そこから先は、餓えから人肉を食べると言うショッキングな展開が待ち受けています。あちこち日本兵がいるのに、原住民を襲っていたのは、最低限の武士の情けであったのかどうか。しかし究極の飢餓には、苦楽を共にした目の前の「味方」を、「獲物」として虎視眈々と狙う。極限の生への渇望は、人間をどこまでも野蛮にも卑しくも獰猛にもしてします。もう敵も味方もないのです。人から根こそぎ人間性を奪うもの、それが戦争であると感じました。

たくさんの精悍で屈強そうな兵士の中、帰国できたのはヘタレでインテリの田村だけです。田村のしたことは、ただ逃げて逃げて逃げまくる。それだけでした。戦争が起これば、逃げるのは正解なんだよ。某議員は、戦争に行きたくないと言うのは、わがままだと言い放っていますが、それは間違い。戦争に行きたくない、始まれば逃げると言うのは、正しい選択なんだと思う。たった一度暴発のような形で、田村は現地人を殺しますが、戦争がなければ、彼は一生人殺しとは無縁の人であったはず。それは戦争に行く人みんなに言える事のはずです。
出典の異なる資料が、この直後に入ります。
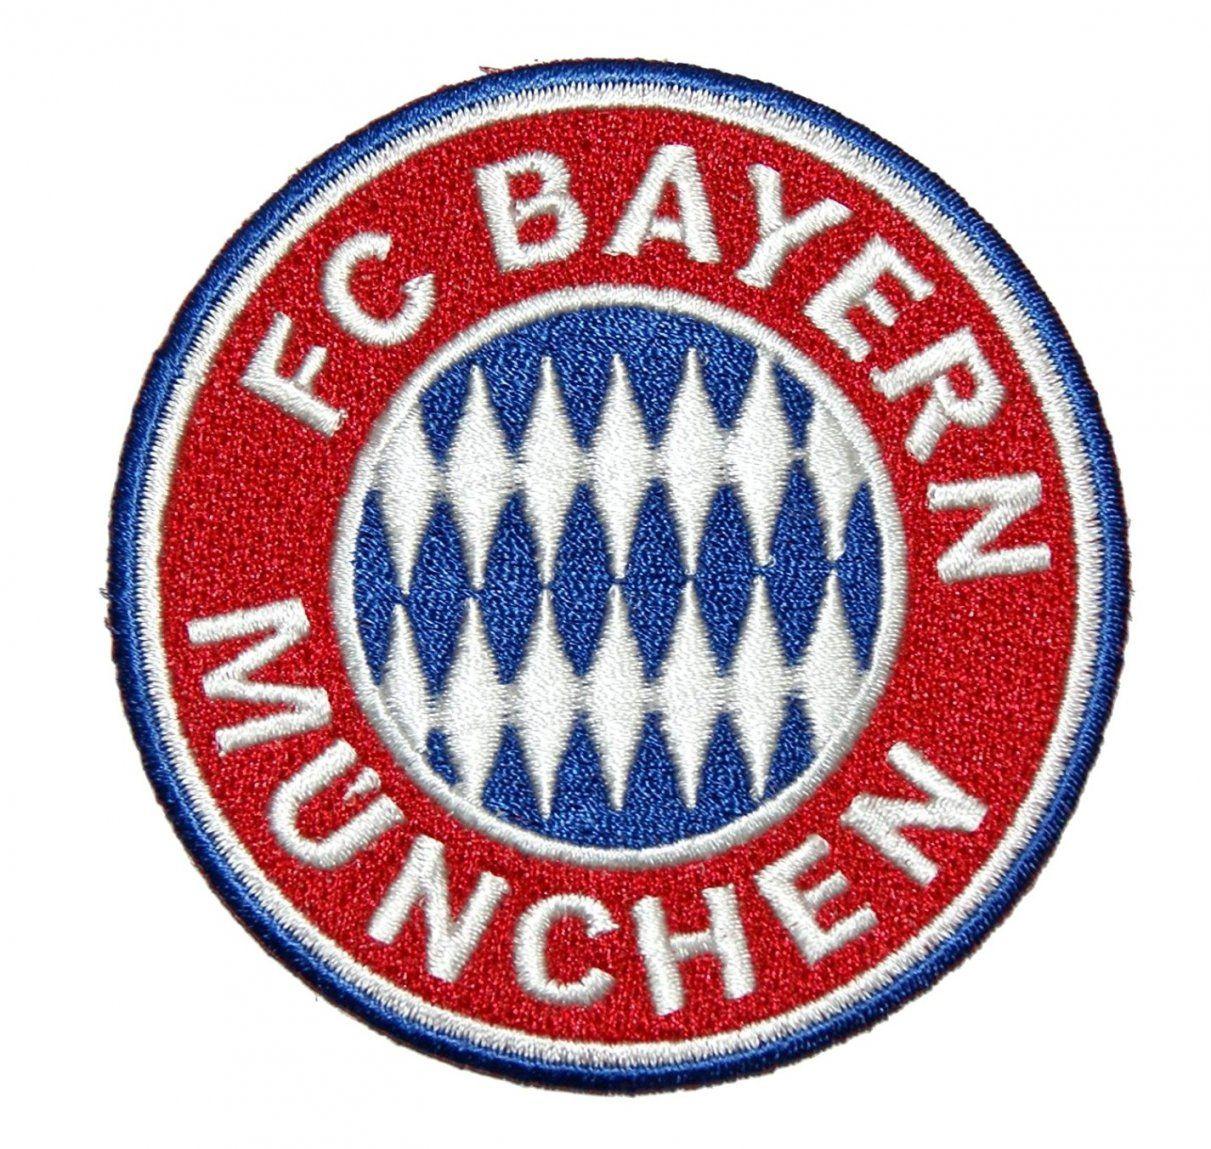 Beste Fc Bayern Munchen Gardinen Zum Fc Bayern Teppich  Teppiche Ideen von Bayern München Gardinen Photo

凄惨な殺戮場面や、汚辱に満ちた場面の連続なのに、私には昼間の生き生きした草花や太陽の輝き、夜の闇の中に浮かぶ月や虫の輝きなど、躍動と静寂を繰り返す、レイテの自然の豊かさが目に焼き付いています。この豊かさの中で行われる、人間たちの蛮行と愚かさまでも、抱擁しているように感じました。自然は「無敵」なのだと、しみじみ思いました。

戦後70年と言う事で、映画もドラマも、たくさんの作品を、色々な切り口で作られている中、この評価は賛否両論のようですが、様々な事を想起出来て、私は大いに「有り」の作品だと思います。